** MATERIAL SUPPLIED follows **
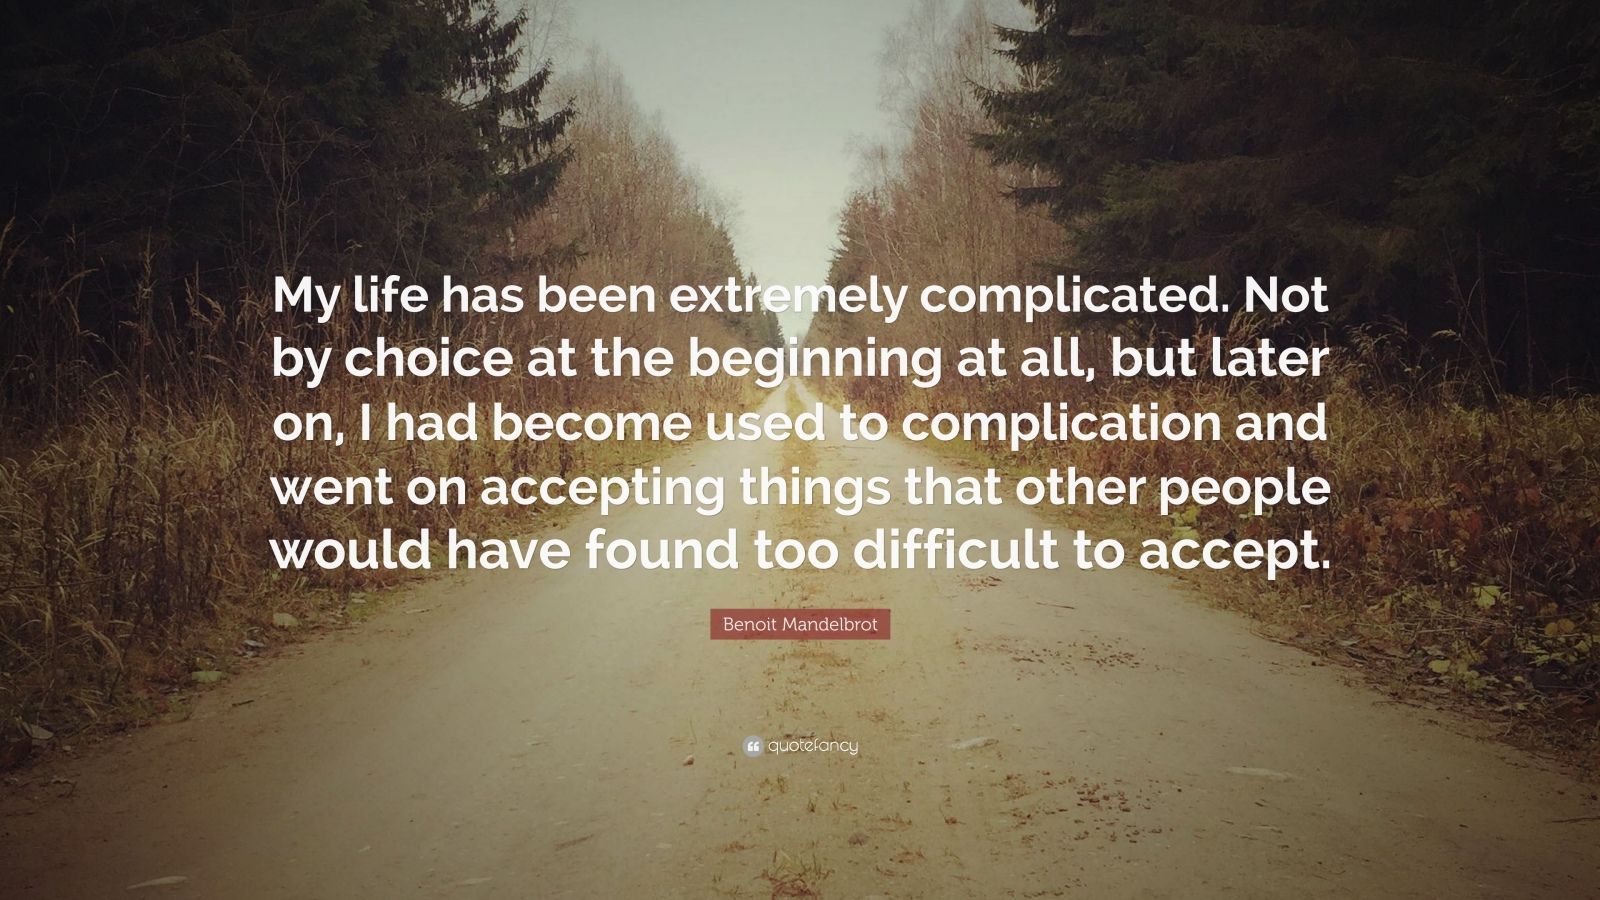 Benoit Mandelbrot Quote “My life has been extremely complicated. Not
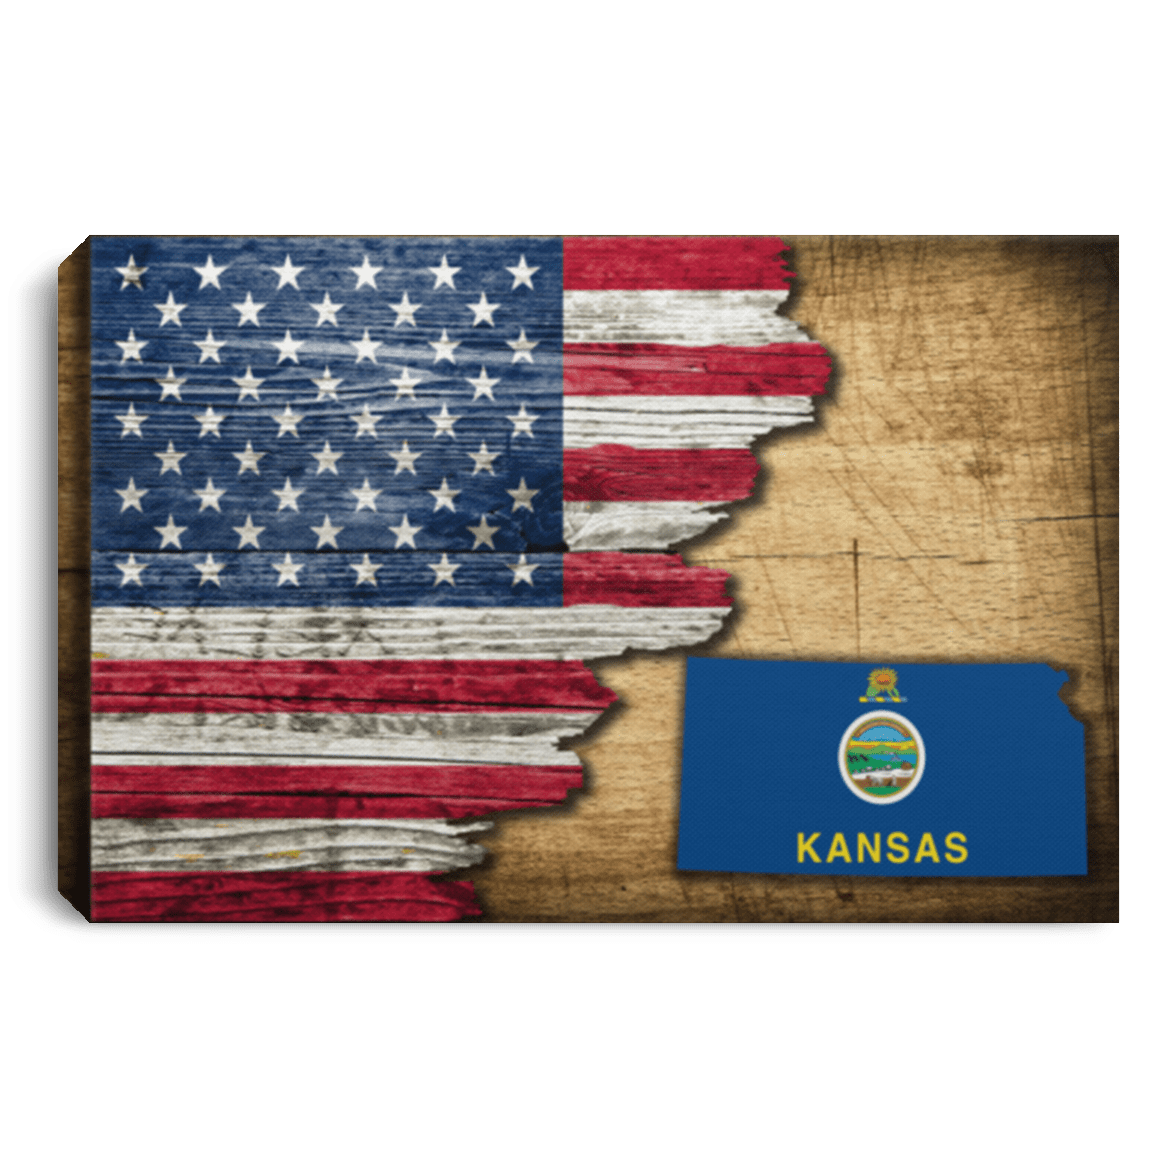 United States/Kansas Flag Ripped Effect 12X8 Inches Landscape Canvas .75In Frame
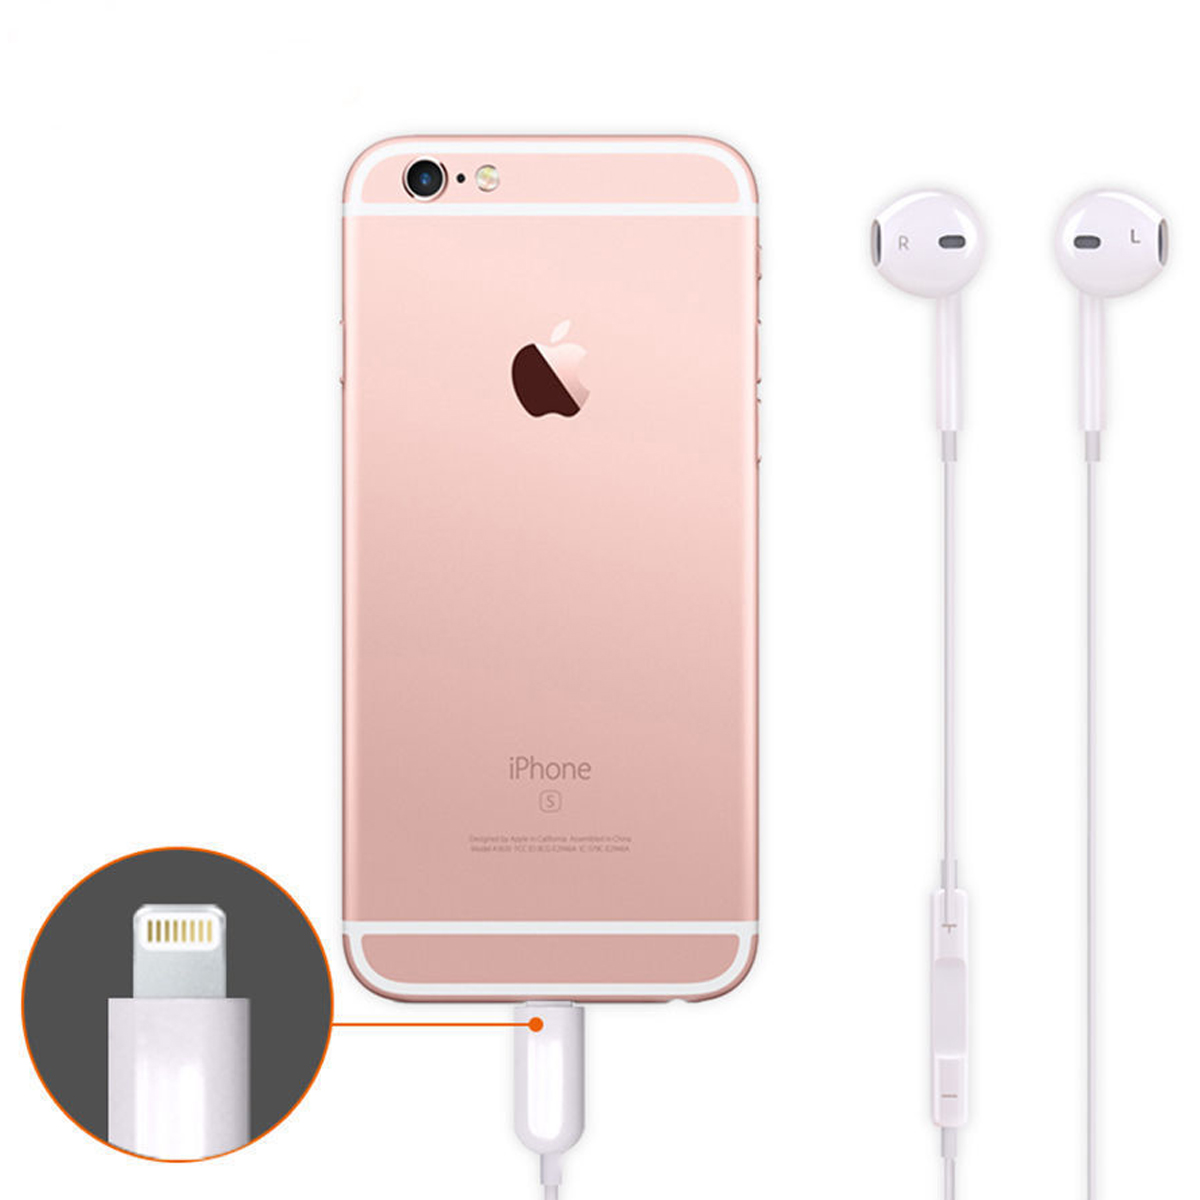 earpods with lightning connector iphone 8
** End of MATERIAL SUPPLIED **
** MATERIAL SUPPLIED follows **
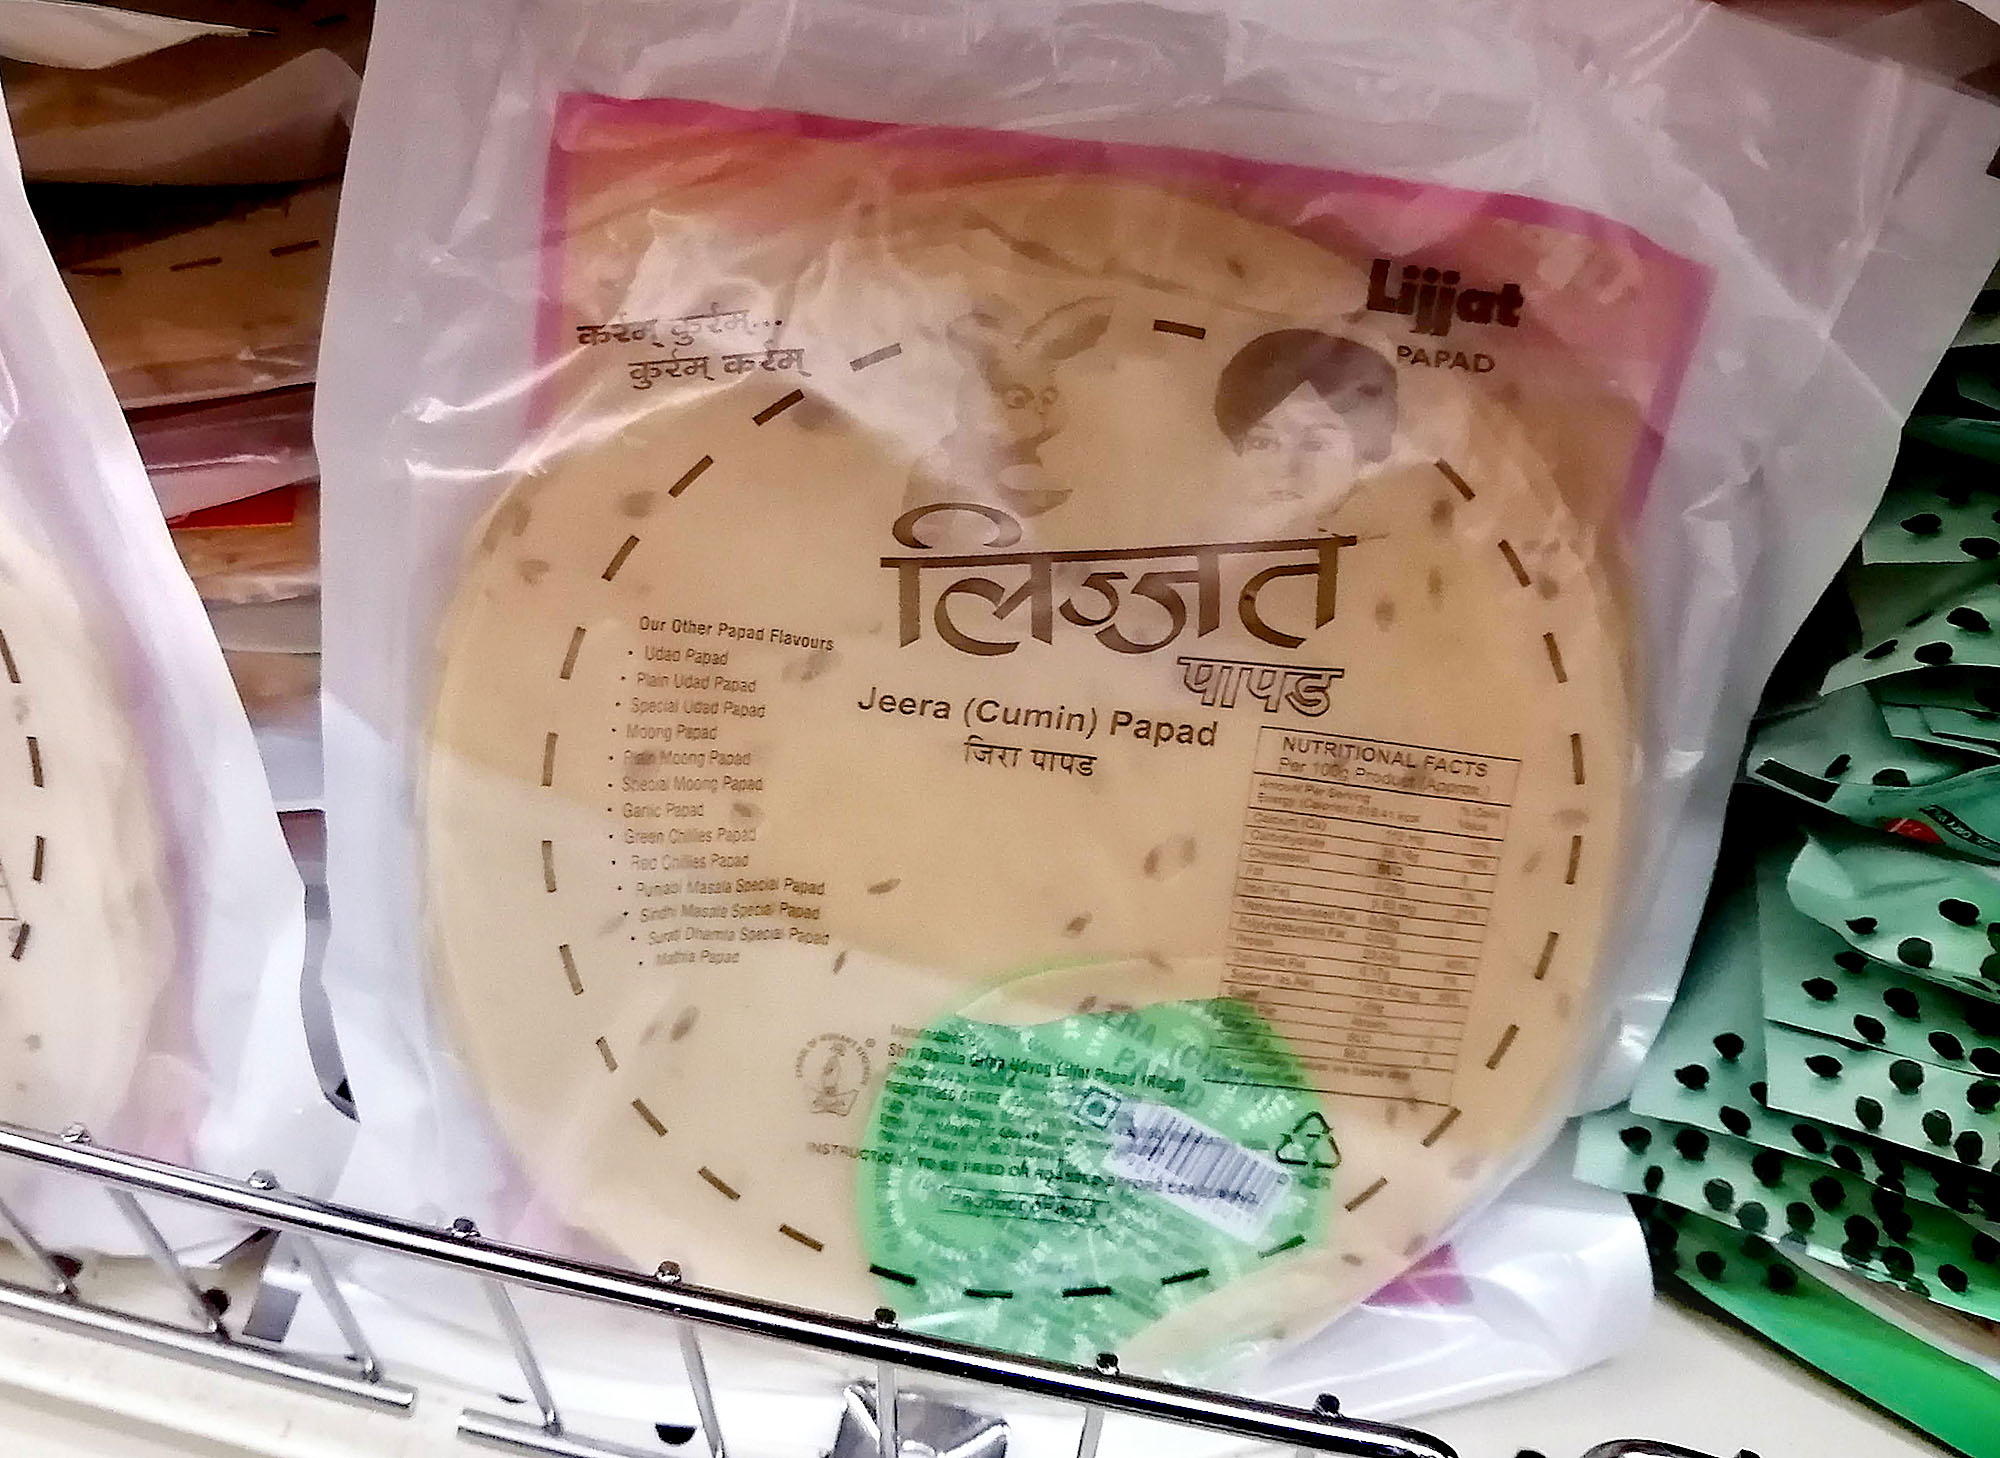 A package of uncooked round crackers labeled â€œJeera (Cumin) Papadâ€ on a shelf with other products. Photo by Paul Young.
** End of MATERIAL SUPPLIED **
** MATERIAL SUPPLIED follows **
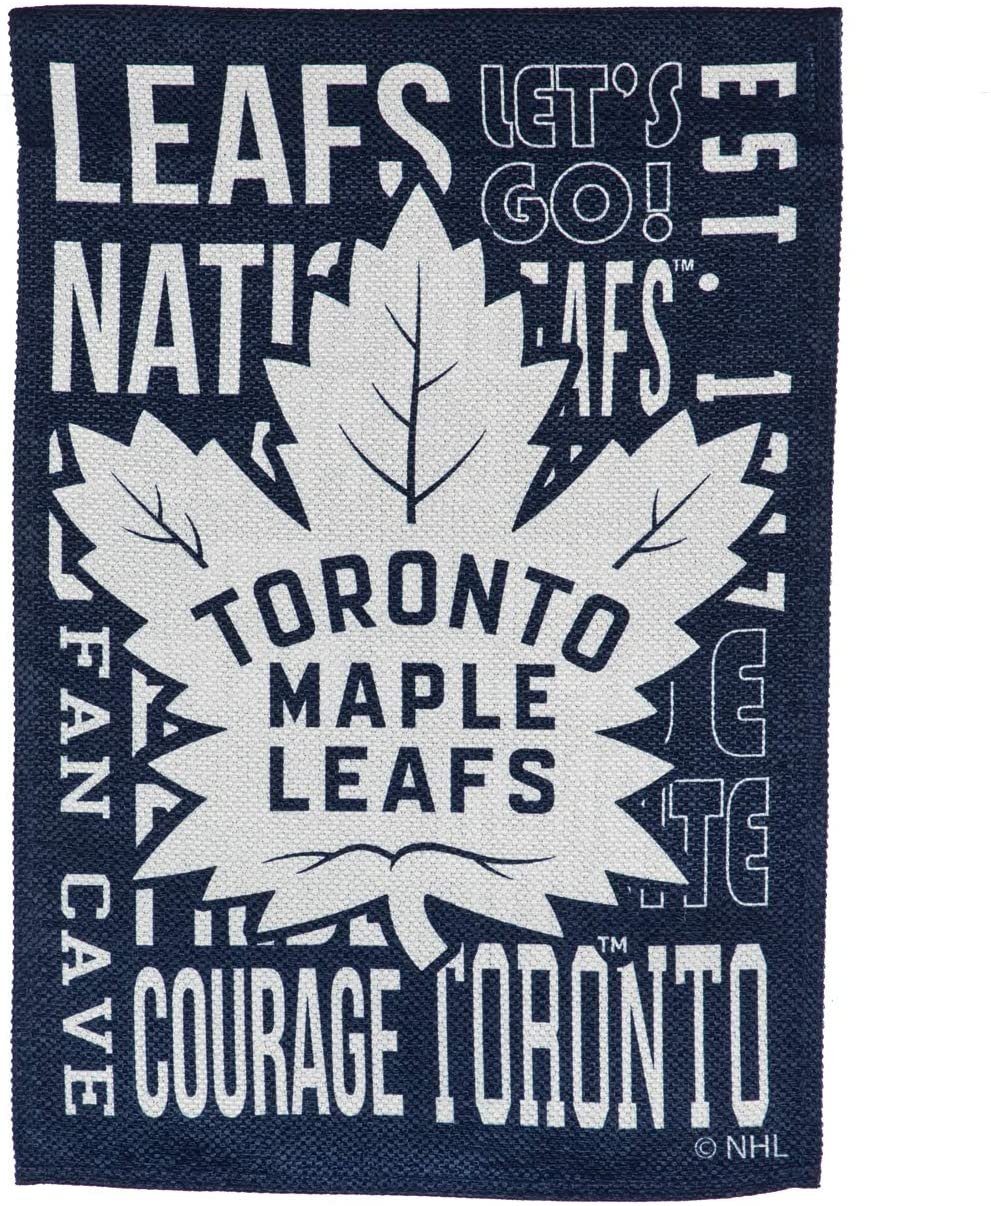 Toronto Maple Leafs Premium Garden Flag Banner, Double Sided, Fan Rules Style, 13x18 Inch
** End of MATERIAL SUPPLIED **
INSTRUCTIONS FOR THE TASK: Output exactly the lines above that lie between the line with "Benoit Mandelbrot Quote" and the line with "earpods with lightning connector iphone 8", those two lines included, and no pictures.

EXERCISE OUTPUT:
 Benoit Mandelbrot Quote “My life has been extremely complicated. Not
 United States/Kansas Flag Ripped Effect 12X8 Inches Landscape Canvas .75In Frame
 earpods with lightning connector iphone 8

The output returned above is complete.